Vejam esse homem: É cearense. Vale
dizer que nasceu com a cruz ao lado, não precisou requerê-la. Mudou-se de sua
terra, e isso significa reforçar o peso da cruz, como fazem exilados. Escolheu uma
cidade de São Paulo: Itabira. Fez-se comerciante. A cruz pesou-lhe menos. Há, é
certo, os impostos, os fregueses importunais, competição, porém não resta
dúvida que sua cruz se tornou mais confortável. Era uma cruz urbana,
matriculada na Junta Comercial, sem seca nem mandacaru, enfim, uma cruz como
tantas que carregamos sem perceber. Não ficou, porém, satisfeito. E ei-lo que
manda fabricar outra cruz, ampla e bem vistosa, e te solve literalmente carrega-la,
não apenas de sua casa à igreja de Itabira, mas até São Paulo; até o Rio; até o
Vaticano.
Esse homem vai a Roma de cruz às
costas. Já recebeu as bênçãos do vigário e será alvo de manifestações nas
cidades por onde for passando, porque vai a pé, à boa maneira dos peregrinos,
senão à Itália, pelo menos à Guanabara. Aqui tomará o navio, mas, a cruz será
sua companheira a bordo, e com ela se apresentará ao Papa.

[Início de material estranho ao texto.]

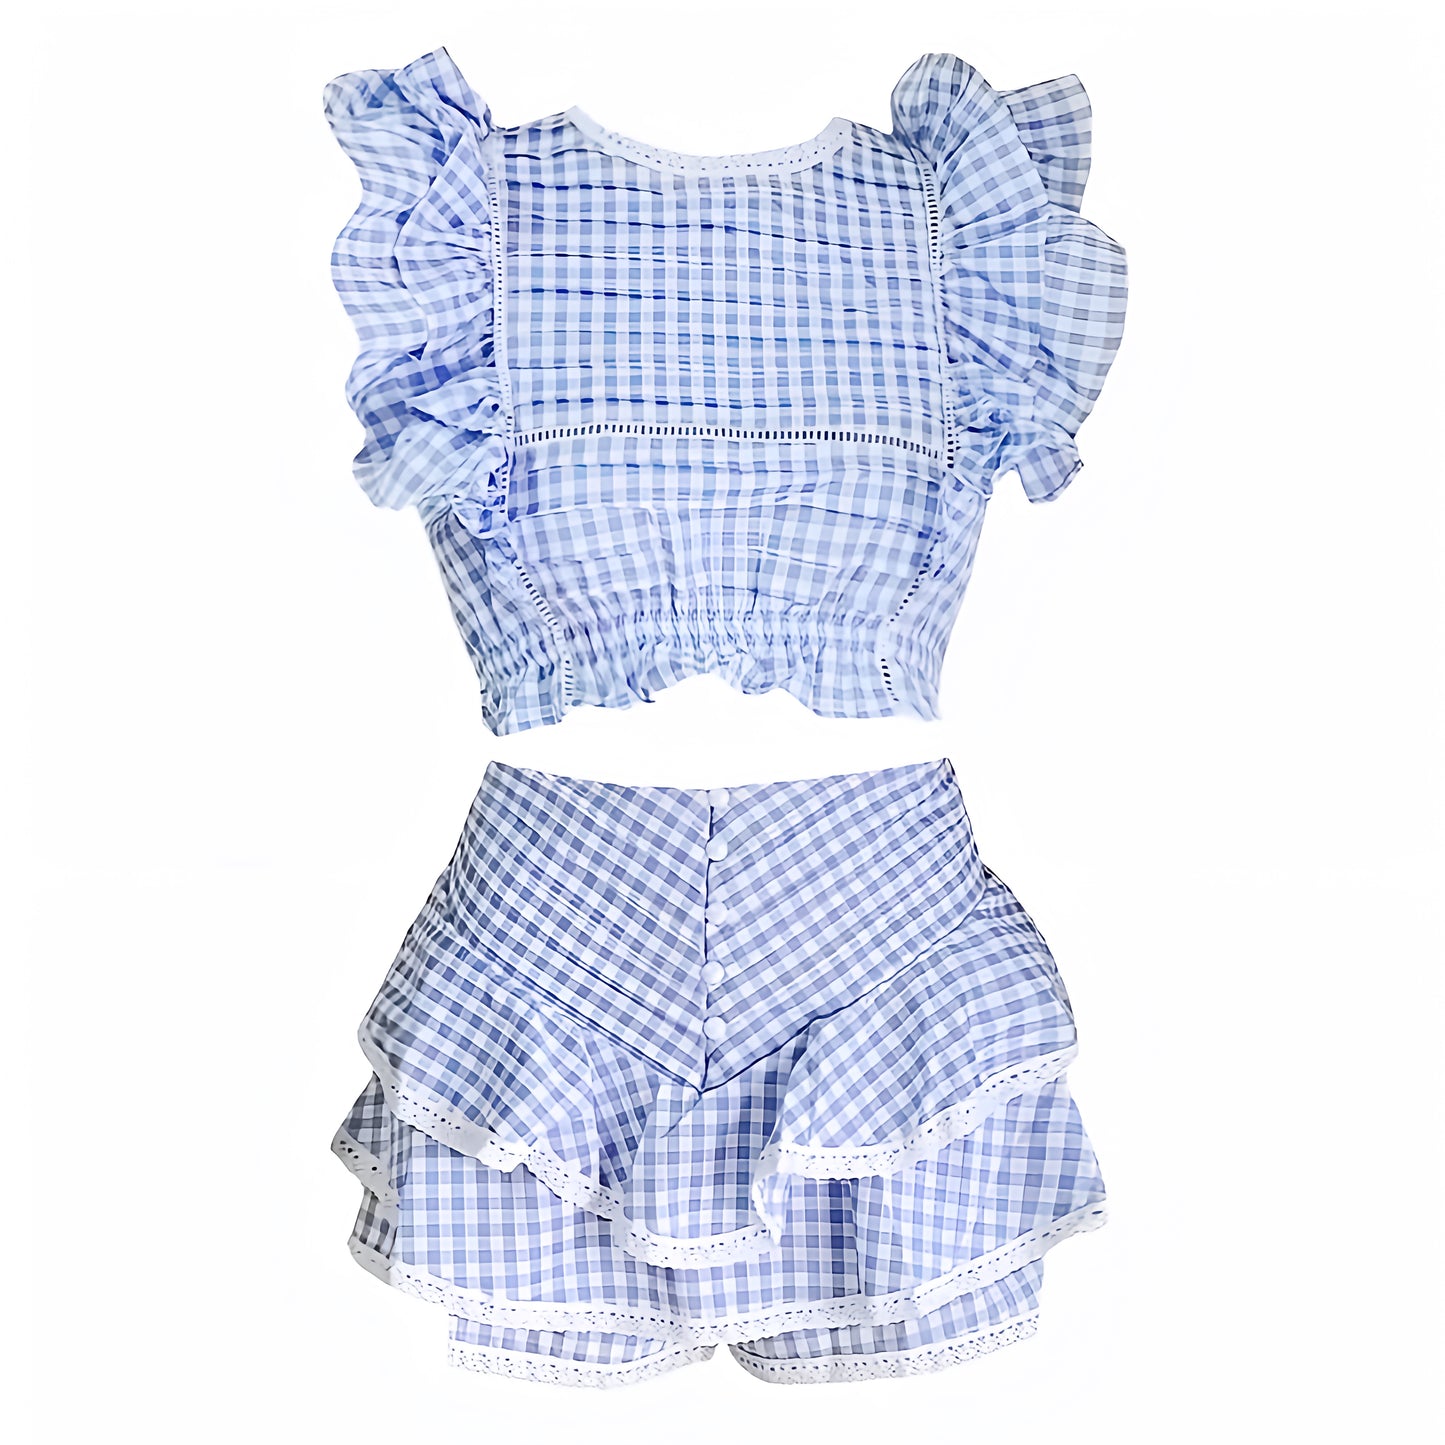 light-blue-white-gingham-checkered-plaid-striped-print-patterned-lace-embroidered-layered-ruffle-trim-slim-fitted-bodycon-fit-flare-round-neckline-short-puff-sleeve-top-blouse-and-mid-high-rise-mini-skirt-skort-two-piece-set-dress-women-ladies-chic-trendy-spring-2024-summer-elegant-casual-classy-semi-formal-feminine-prom-gala-preppy-style-wedding-guest-debutante-party-beach-wear-coastal-granddaughter-sundress-altard-state-revolve-loveshackfancy-hill-house-dupe
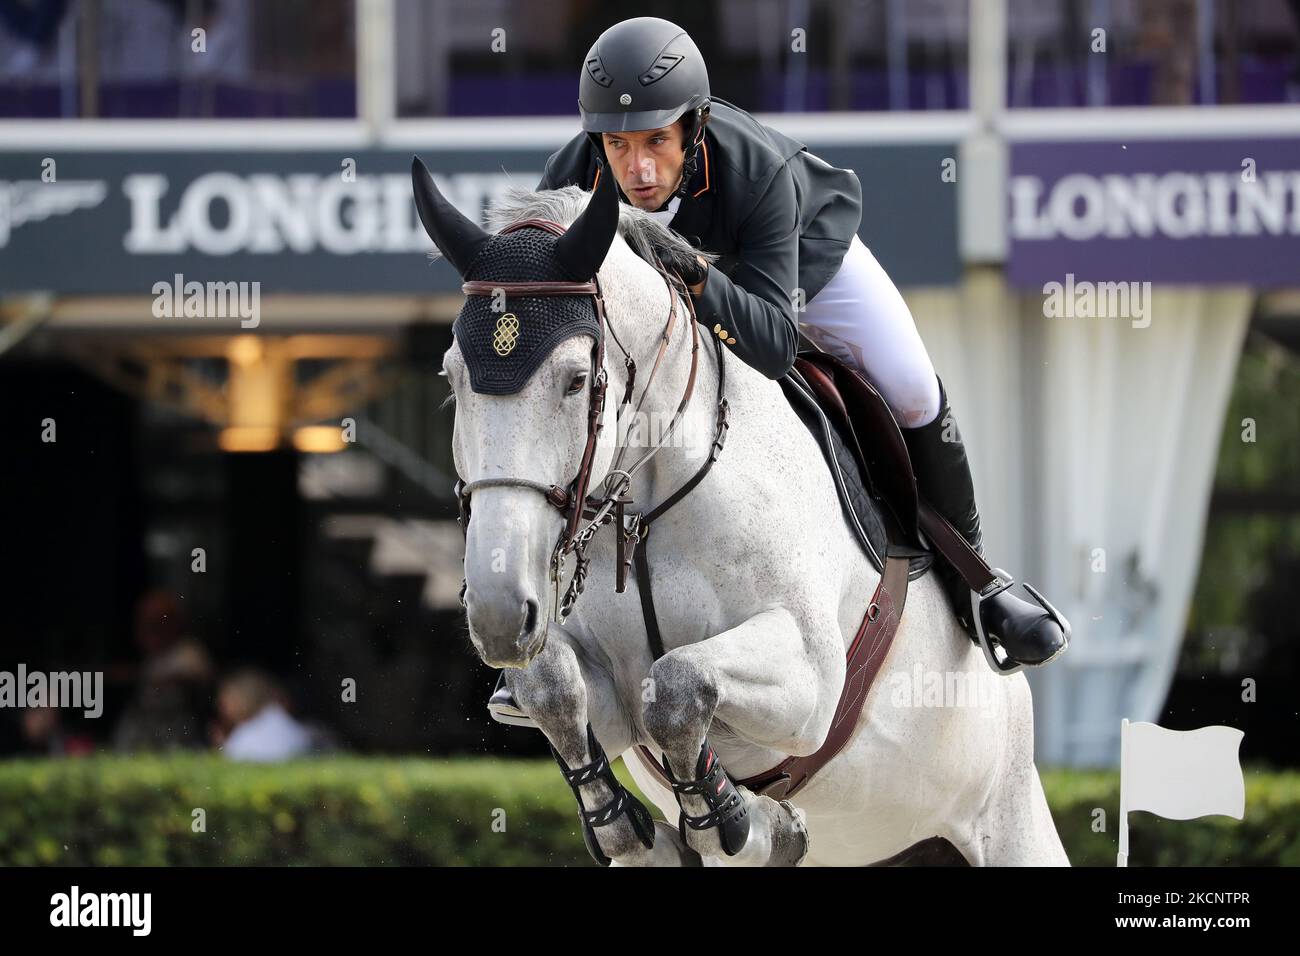 Eduardo Alvarez Aznar riding Ilero during the Copa Negrita, corresponding to the 109th edition of the Longines FEI Jumping Nations Cup Jumping Final, held at the Polo Club on 01st October 2021, in Barcelona, Spain. (Photo by Joan Valls/Urbanandsport/NurPhoto) Stock Photo

Cruz de alumínio, direis vós que
lestes o telegrama de São Paulo. Pesando três quilos, e não três arrobas. Sim,
não é de cabiúna ou de ferro, mas é uma cruz pública, real, escandalosa. Cruz
de protesto contra as explorações nucleares. O cearense assumiu esse pecado do
mundo e procura resgatá-lo deixando seus negócios, sua pacatez itatibana, para
afrontar estirões pedestres, fadigas, incompreensões, homenagens, fotógrafas,
caminhões, chuva, calor, vistorias, múltiplas e menores cruzes suplementares. A
culpa dos grandes pesa muito mais de mil vezes três quilos, e não é de
alumínio, é de lamentos infernais, da ferocidade à velhacaria, mas este
cearense a resume numa peça maneira, de leve metal, e com isto pode suportar
todo o peso da iniquidade. É um louco, um exibicionista, um fanático, um
apóstolo, um mistificador, um provocador, um propagandista de artigos de
alumínio? É um homem e expõe a seu modo a miséria de nosso tempo.
In
“Quadrante 2”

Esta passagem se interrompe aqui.